Relationship between Coefficient of Determination & Squared Pearson Correlation Coefficient

The usual way of interpreting the coefficient of determination R^{2} is to see it as the percentage of the variation of the dependent variable y (Var(y)) can be explained by our model. The exact interpretation and derivation of the coefficient of determination R^{2} can be found here.

Another way of interpreting the coefficient of determination R^{2} is to look at it as the Squared Pearson Correlation Coefficient between the observed values y_{i} and the fitted values  \hat{y}_{i}. In this post we are going to prove that this is actually the case. For the proof we have to know the following (taken from OLS theory and general statistics):

  • y = \hat{y} + e
  • Cov[\hat{y},e]=0
  • Cov[x,(y+Z)]=Cov(x,y)+Cov(x,Z)
  • Var(x) = Cov(x,x)
  • Var(x) = \frac{1}{n} \sum_i^N (x_i - \bar{x})^2
  • r_{y,\hat{y}}=\frac{Cov(y,\hat{y})}{\sqrt[2]{Var(y)Var(\hat{y}) }}

In the following we are going to see how to derive the coefficient of determination R^{2} from the the Squared Pearson Correlation Coefficient between the observed values y_{i} and the fitted values \hat{y}_{i}.

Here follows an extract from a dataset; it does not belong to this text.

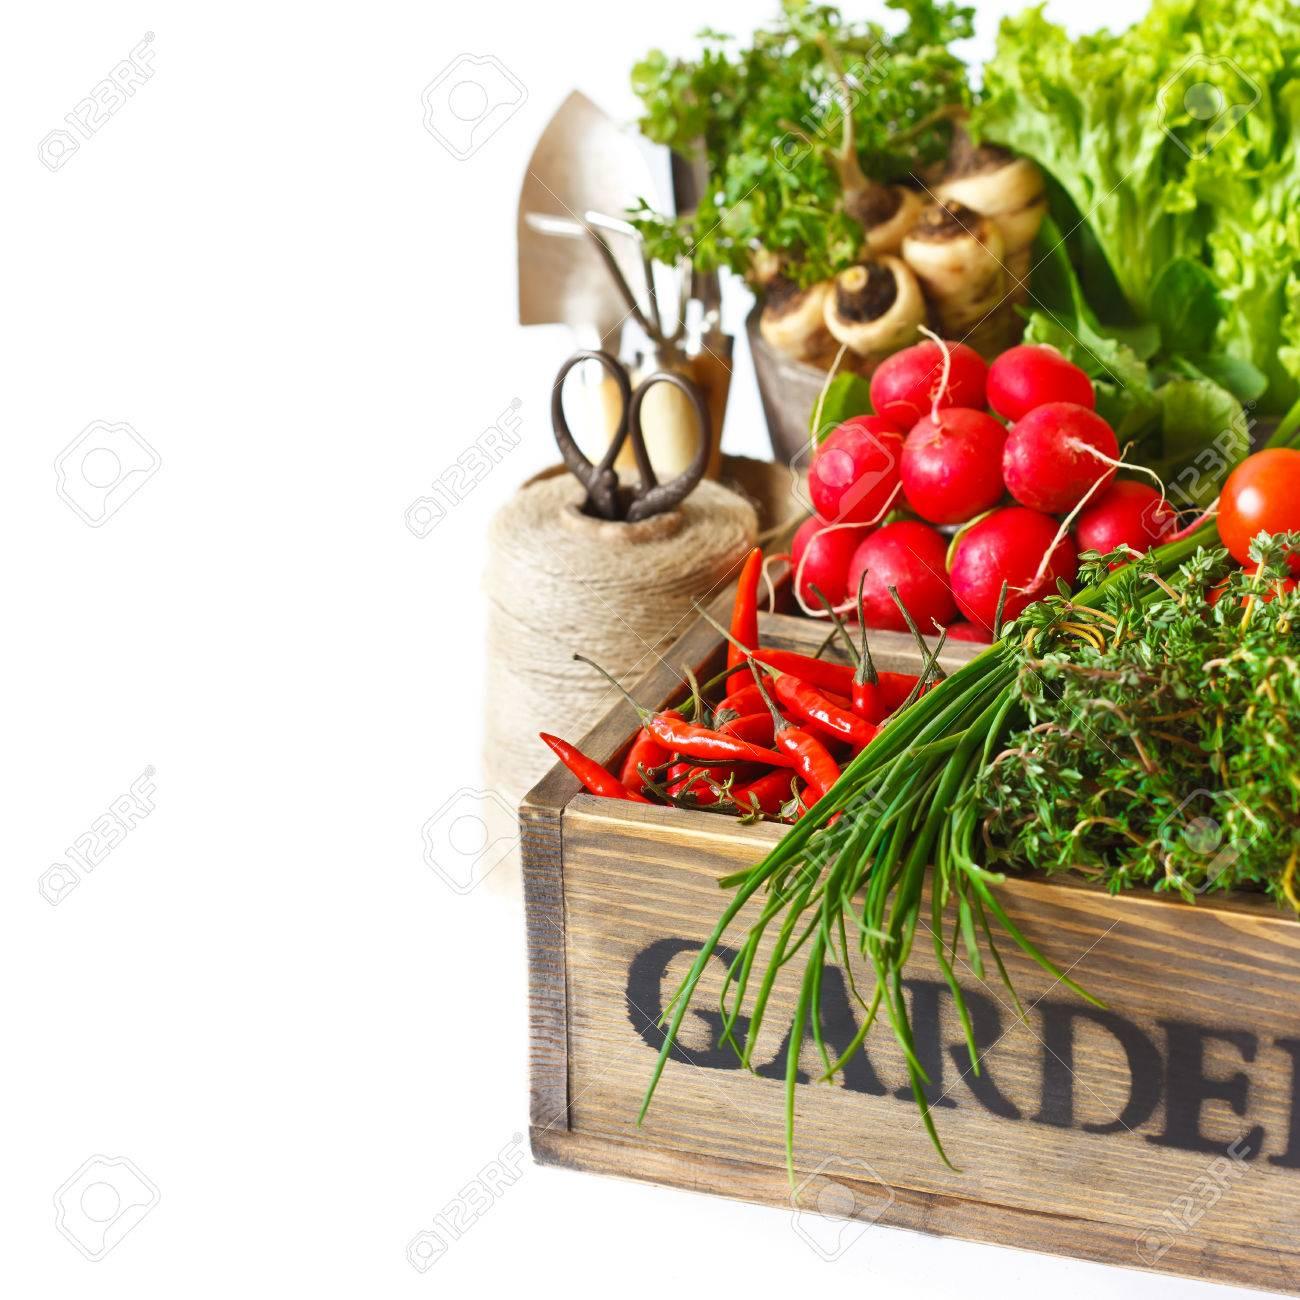 Fresh Organic Kitchen Garden Vegetables On Vintage Wooden Box On A ...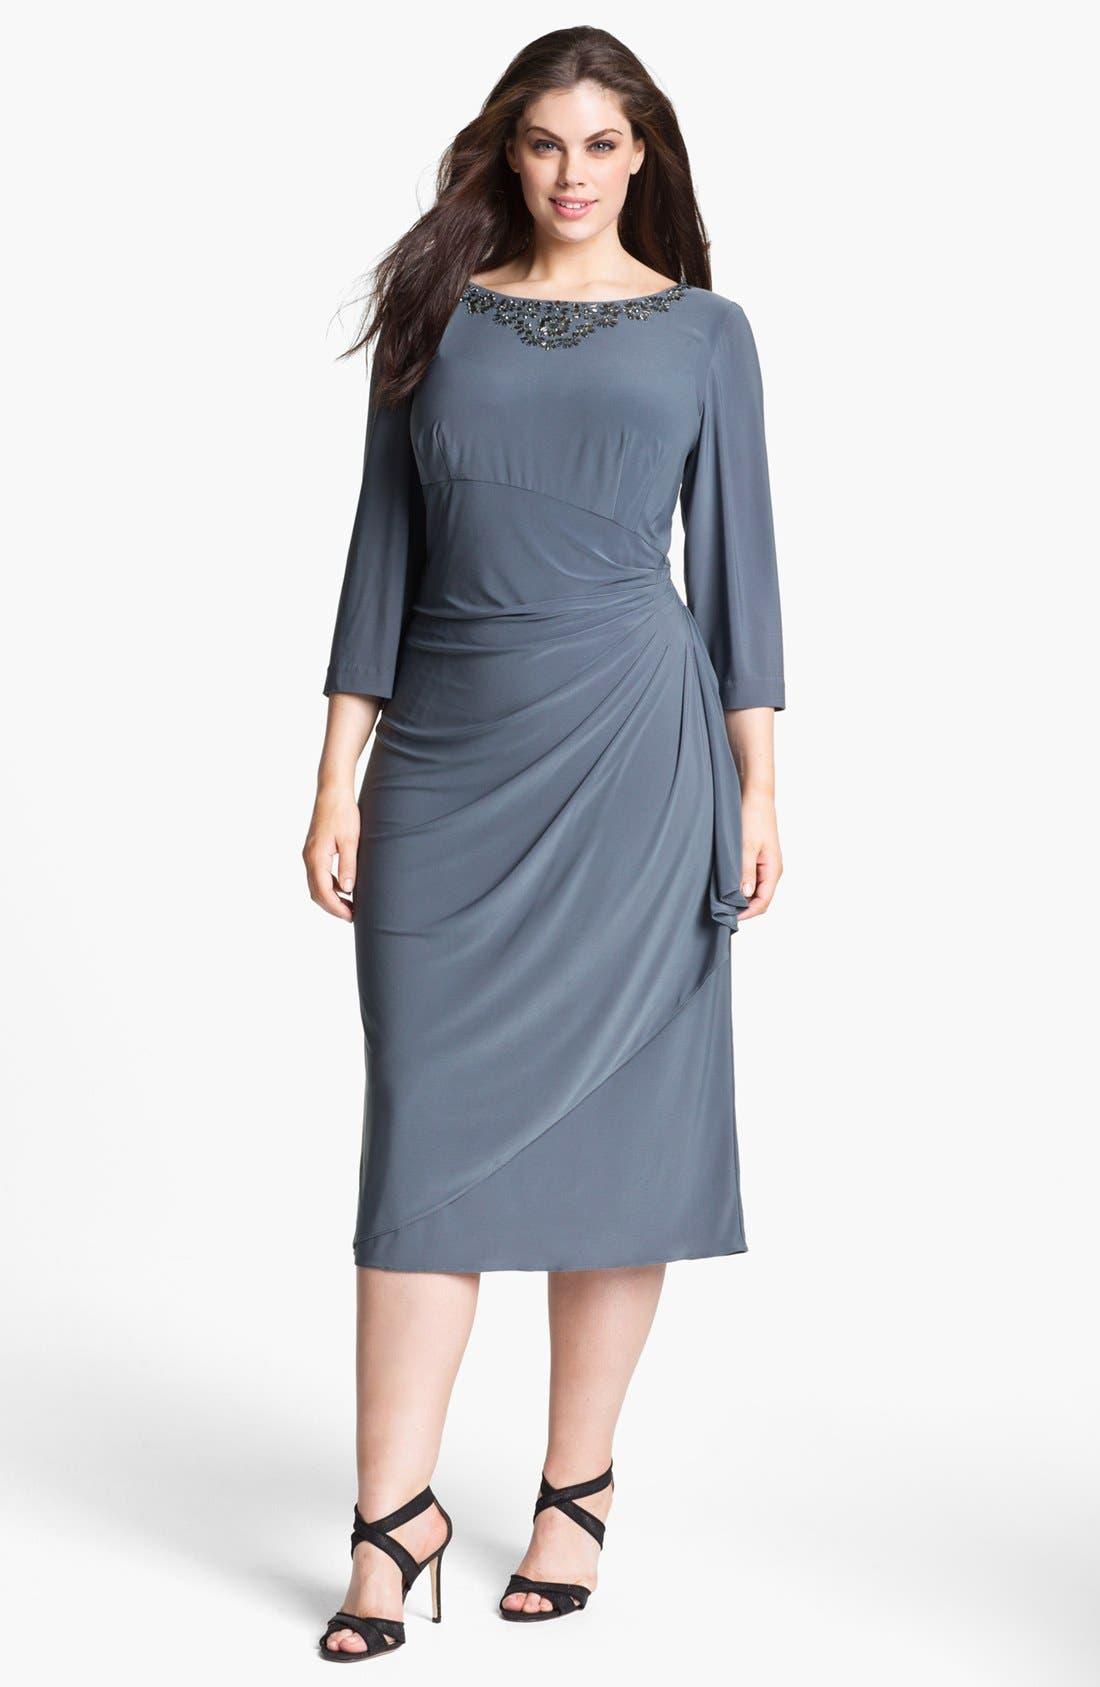 Alternate Image 1 Selected - Alex Evenings Embellished Faux Wrap Dress (Plus Size)

r^{2}_{y,\hat{y}}=\left(\frac{Cov(y,\hat{y})}{\sqrt[2]{Var(y)Var(\hat{y}) }}\right)^{2}

r^{2}_{y,\hat{y}}=\frac{Cov(y,\hat{y})}{\sqrt[2]{Var(y)Var(\hat{y}) }} \frac{Cov(y,\hat{y})}{\sqrt[2]{Var(y)Var(\hat{y}) }}

r^{2}_{y,\hat{y}}=\frac{Cov(y,\hat{y}) Cov(y,\hat{y})}{Var(y)Var(\hat{y}) }

r^{2}_{y,\hat{y}}=\frac{Cov(\hat{y}+e,\hat{y}) Cov(\hat{y}+e,\hat{y})}{Var(y)Var(\hat{y}) }

r^{2}_{y,\hat{y}}=\frac{\left(Cov(\hat{y},\hat{y})+ Cov(\hat{y},e) \right) \left(Cov(\hat{y},\hat{y})+ Cov(\hat{y},e) \right) }{Var(y)Var(\hat{y}) }

r^{2}_{y,\hat{y}}=\frac{Cov(\hat{y},\hat{y})Cov(\hat{y},\hat{y})}{Var(y)Var(\hat{y}) }

r^{2}_{y,\hat{y}}=\frac{Var(\hat{y}) Var(\hat{y})}{Var(y)Var(\hat{y}) }

r^{2}_{y,\hat{y}}=\frac{Var(\hat{y}) }{Var(y) }= \frac{\frac{1}{n} \sum_i^N (\hat{y_i} - \bar{\hat{y}})^2}{\frac{1}{n} \sum_i^N (y_i - \bar{y})^2} = \frac{\sum_i^N (\hat{y_i} - \bar{\hat{y}})^2}{\sum_i^N (y_i - \bar{y})^2} = \frac{ESS}{TSS} = R^{2}

r^{2}_{y,\hat{y}}= R^{2}


20 thoughts on “Relationship between Coefficient of Determination & Squared Pearson Correlation Coefficient”

  1. Hi Isidore: Do you know if the relation between the correlation coefficient R and r holds for the regression model with ma(1) errors ? empirically I seem to find that it doesn’t hold. but I wanted to make sure that my code didn’t have a bug. thanks for any wisdom and your blog.

    1. Hi Mark! That is actually a very good question which unfortunately I cannot answer out of the box. However, once I have some time I will look into it. So far my feeling is that the second of the five bullet points (listed in the post), i.e. the covariance between the fitted values and the error term being equal to zero, is most likely violated. Generally I think if you are able to show that all five bullet points hold for a ma(1) process, the relationship between r2 and the correlation coefficient should hold as well.

      Let me know if you find an answer to the question.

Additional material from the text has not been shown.